I'll use the `embed_map()` function to visualize our maps.

In [2]:
def embed_map(m, file_name):
    from IPython.display import IFrame
    m.save(file_name)
    return IFrame(file_name, width='100%', height='500px')

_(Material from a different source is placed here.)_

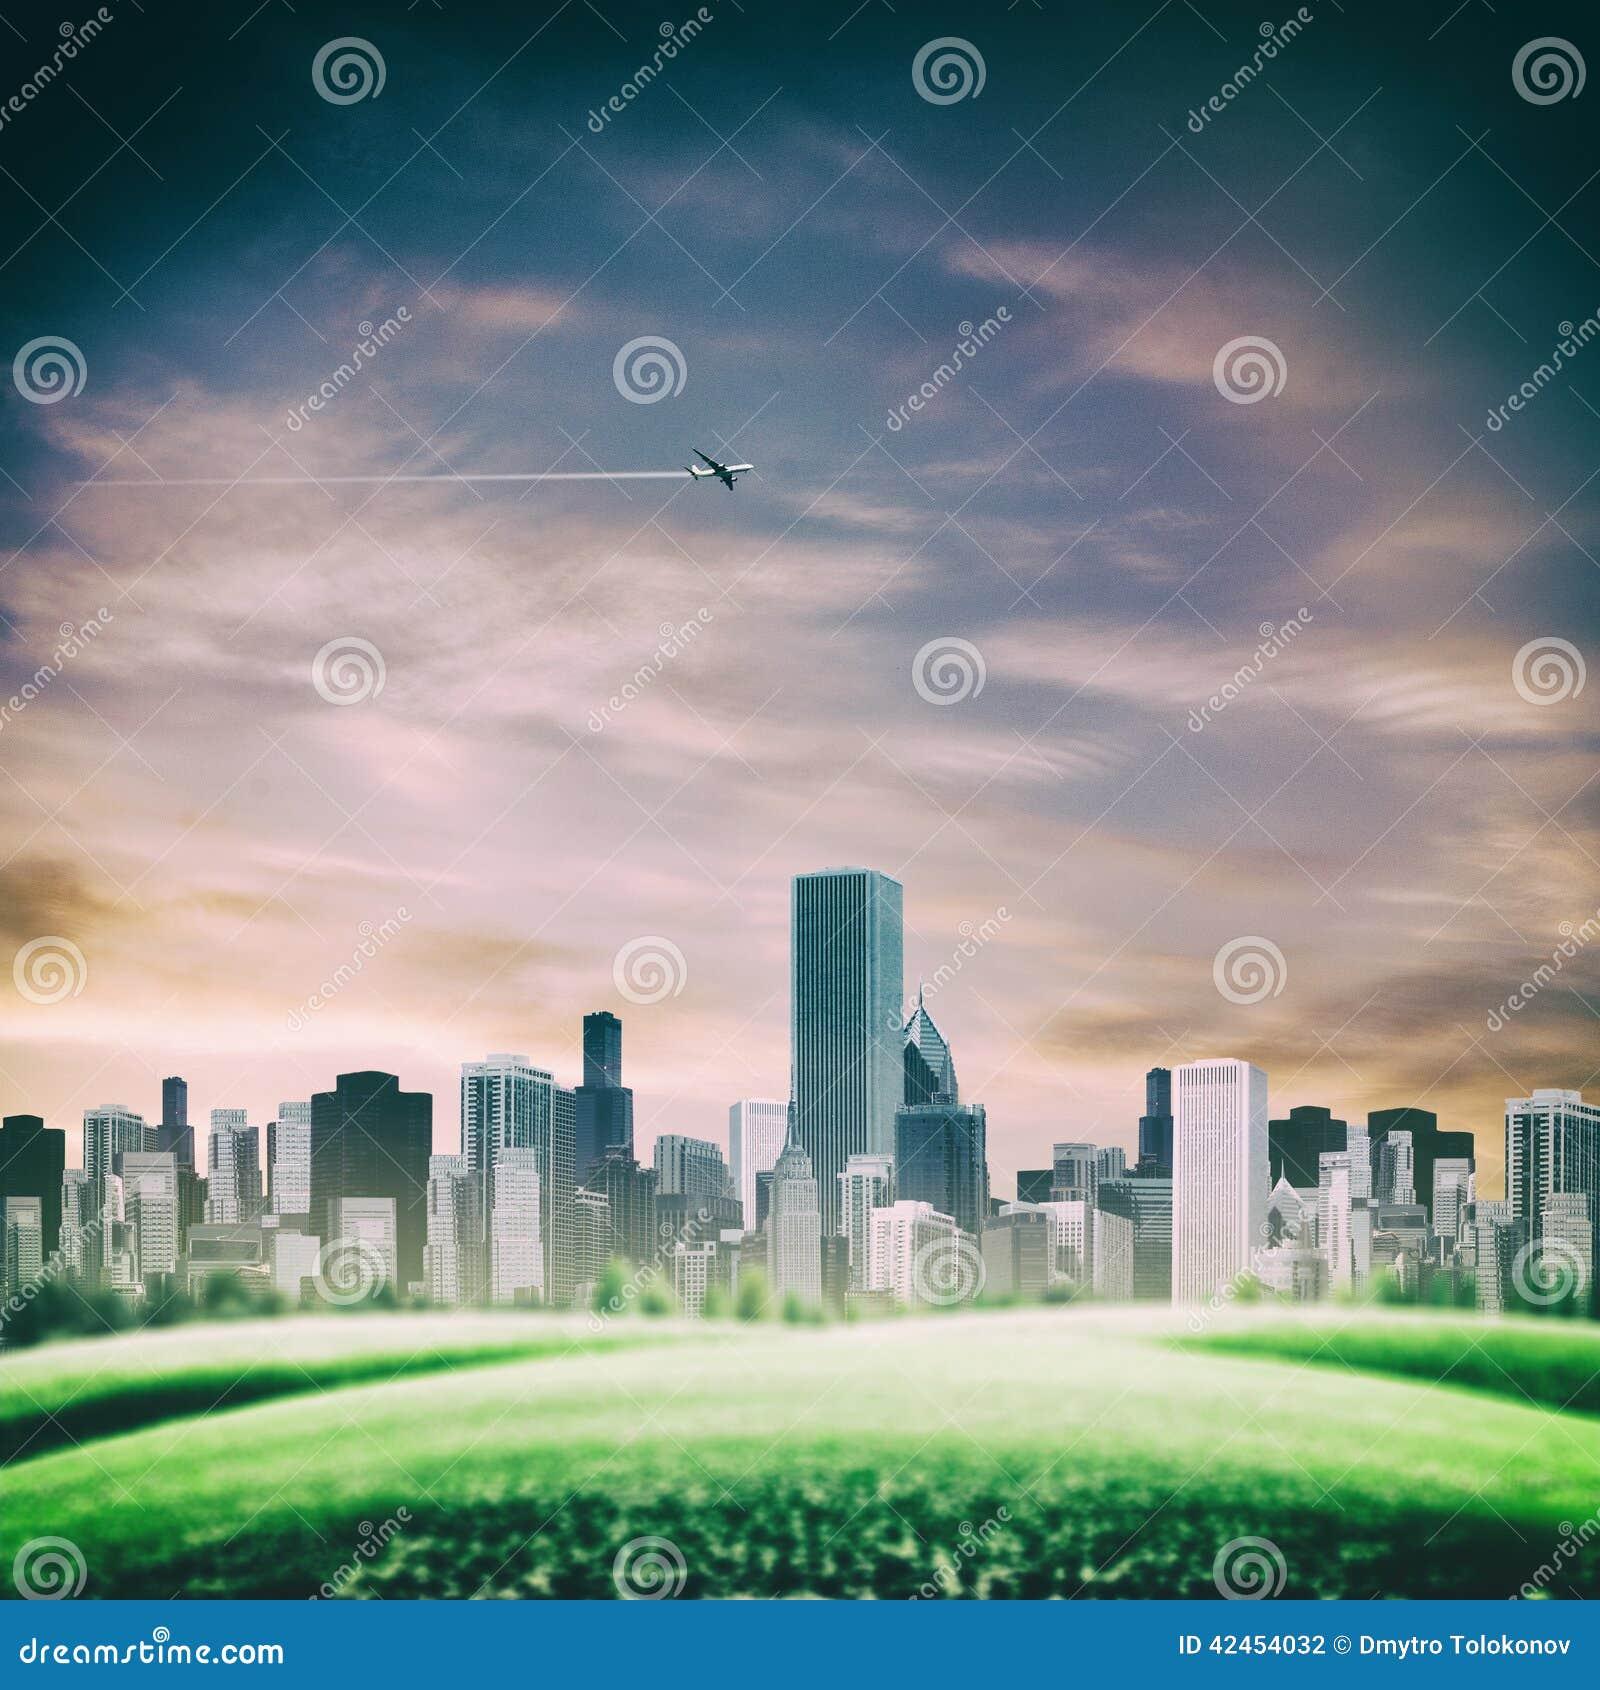 Futuristische Hintergründe mit modernen städtischen Gebäuden

## Visualizing the collision data.

Loading NYC 'collisions' data tracking motor vehicle collisions in 2013-2018


In [3]:
collisions = gpd.read_file("NYPD_Motor_Vehicle_Collisions/NYPD_Motor_Vehicle_Collisions.shp")
collisions.head()

Unnamed: 0,DATE,TIME,BOROUGH,ZIP CODE,LATITUDE,LONGITUDE,LOCATION,ON STREET,CROSS STRE,OFF STREET,...,CONTRIBU_2,CONTRIBU_3,CONTRIBU_4,UNIQUE KEY,VEHICLE TY,VEHICLE _1,VEHICLE _2,VEHICLE _3,VEHICLE _4,geometry
0,07/30/2019,0:00,BRONX,10464.0,40.8411,-73.78496,"(40.8411, -73.78496)",,,121 PILOT STREET,...,Unspecified,,,4180045,Sedan,Station Wagon/Sport Utility Vehicle,Station Wagon/Sport Utility Vehicle,,,POINT (1043750.211 245785.815)
1,07/30/2019,0:10,QUEENS,11423.0,40.710827,-73.77066,"(40.710827, -73.77066)",JAMAICA AVENUE,188 STREET,,...,,,,4180007,Sedan,Sedan,,,,POINT (1047831.185 198333.171)
2,07/30/2019,0:25,,,40.880318,-73.841286,"(40.880318, -73.841286)",BOSTON ROAD,,,...,,,,4179575,Sedan,Station Wagon/Sport Utility Vehicle,,,,POINT (1028139.293 260041.178)
3,07/30/2019,0:35,MANHATTAN,10036.0,40.756744,-73.98459,"(40.756744, -73.98459)",,,155 WEST 44 STREET,...,,,,4179544,Box Truck,Station Wagon/Sport Utility Vehicle,,,,POINT (988519.261 214979.320)
4,07/30/2019,10:00,BROOKLYN,11223.0,40.60009,-73.96591,"(40.60009, -73.96591)",AVENUE T,OCEAN PARKWAY,,...,,,,4180660,Station Wagon/Sport Utility Vehicle,Bike,,,,POINT (993716.669 157907.212)


In [4]:
len(collisions)

261905

Using the "LATITUDE" and "LONGITUDE" columns to create an interactive map to visualize the collision data.

In [5]:
m_1 = folium.Map(location=[40.7, -74], zoom_start=11) 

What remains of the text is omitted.